▶ _SUPPLIED INFORMATION_
=== Section Start ===
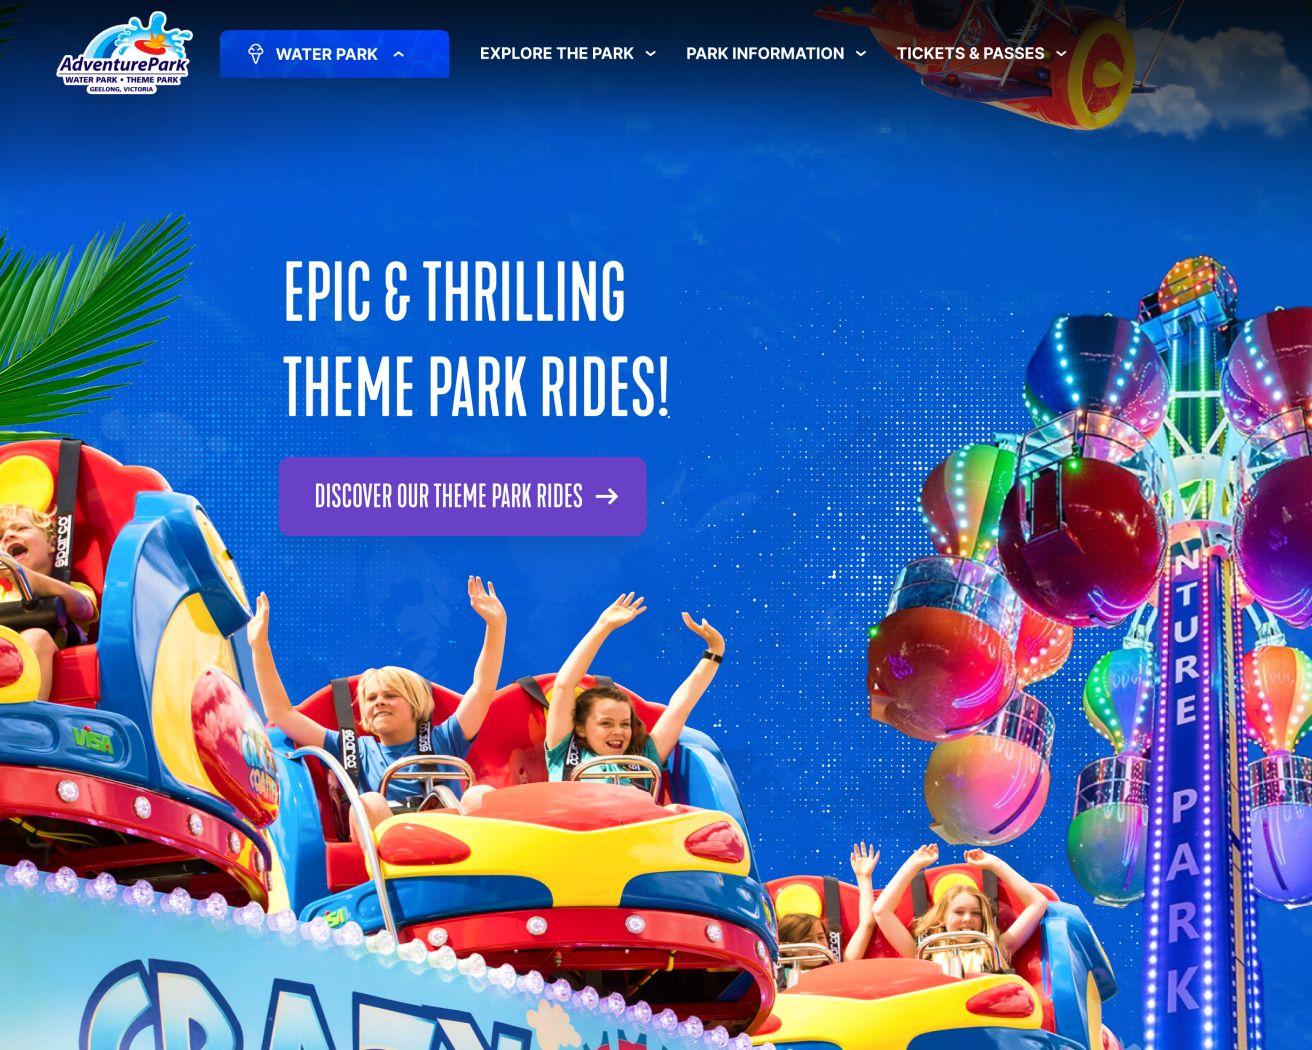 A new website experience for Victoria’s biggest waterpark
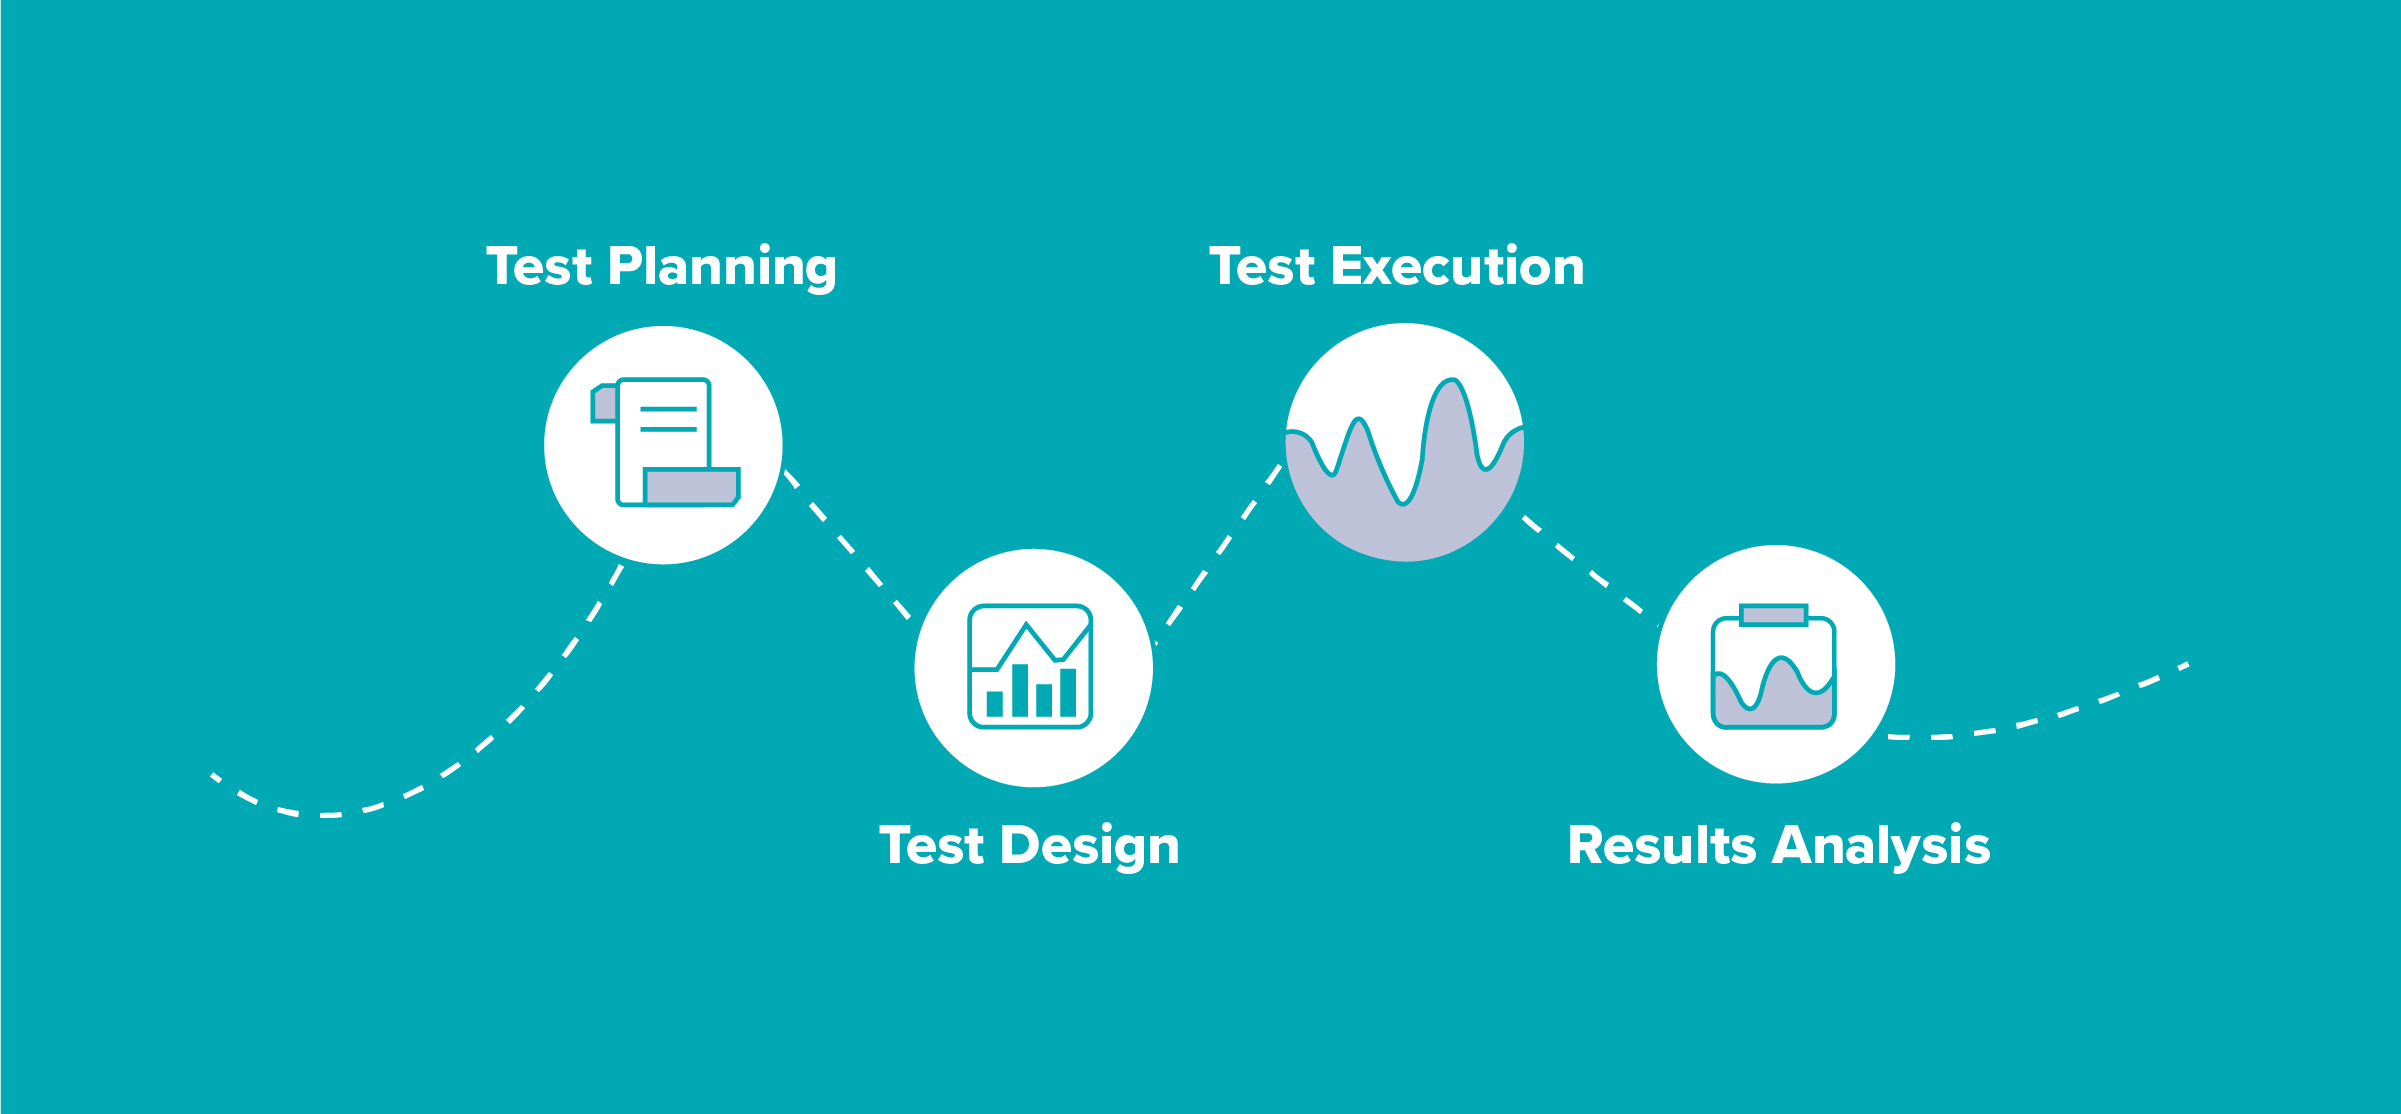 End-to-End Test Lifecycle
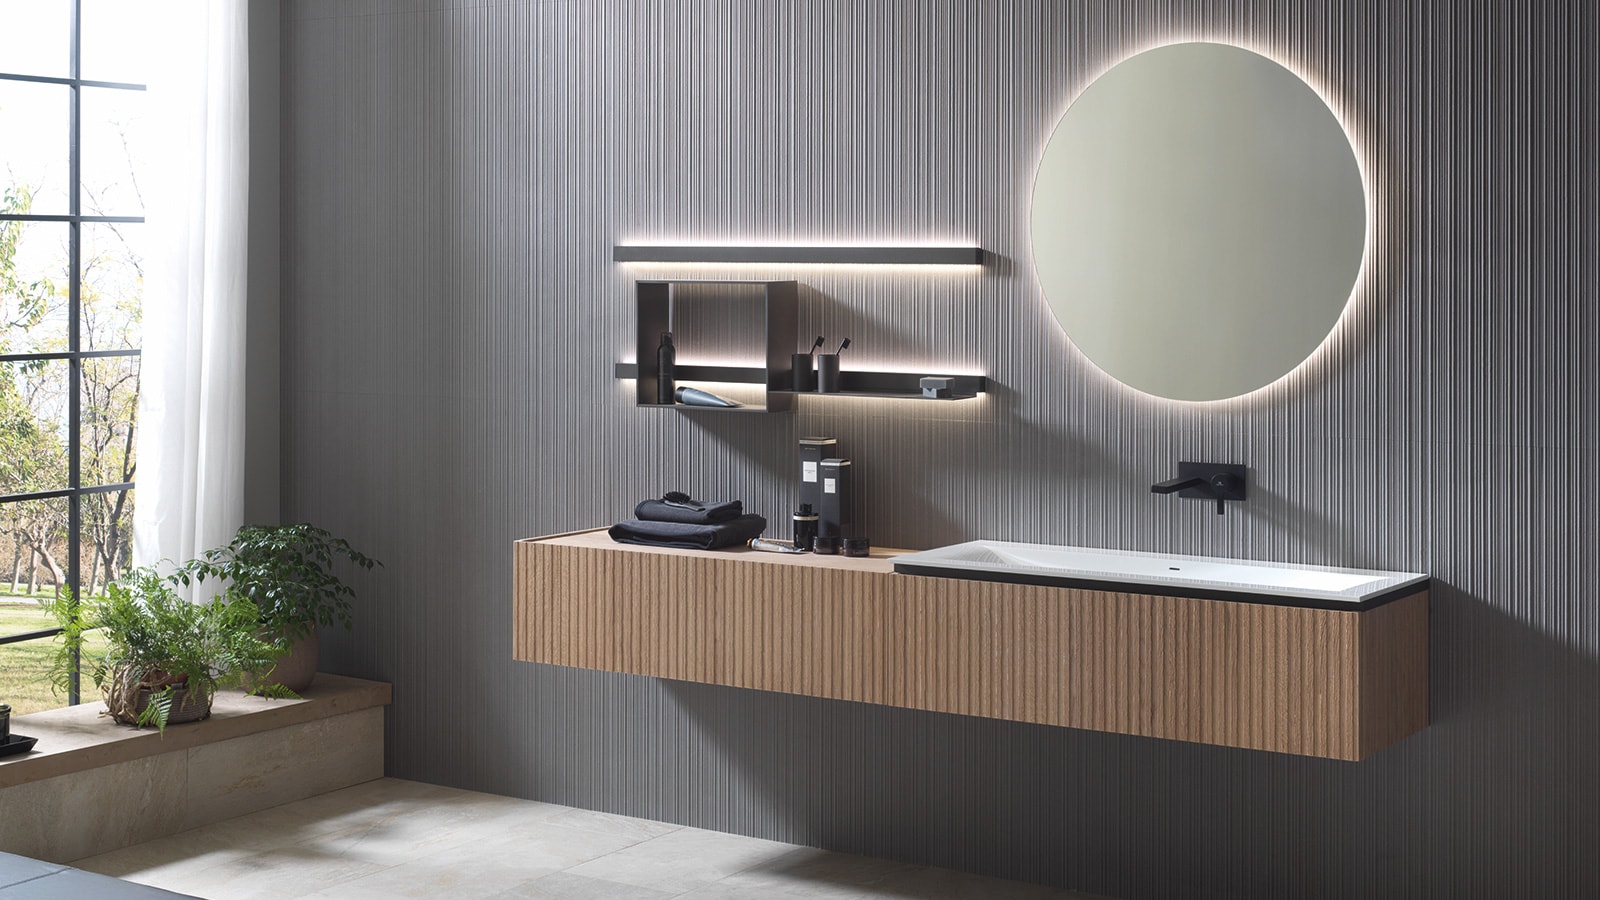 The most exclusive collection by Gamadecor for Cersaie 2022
=== Section End ===
▶ _TRY IT_
Beginning with the line where "End-to-End Test Lifecycle" appears, restate word for word every line down to the last one in the data, but keep the pictures out.

▶ _RESPONSE TO THIS EXERCISE_
 End-to-End Test Lifecycle
 The most exclusive collection by Gamadecor for Cersaie 2022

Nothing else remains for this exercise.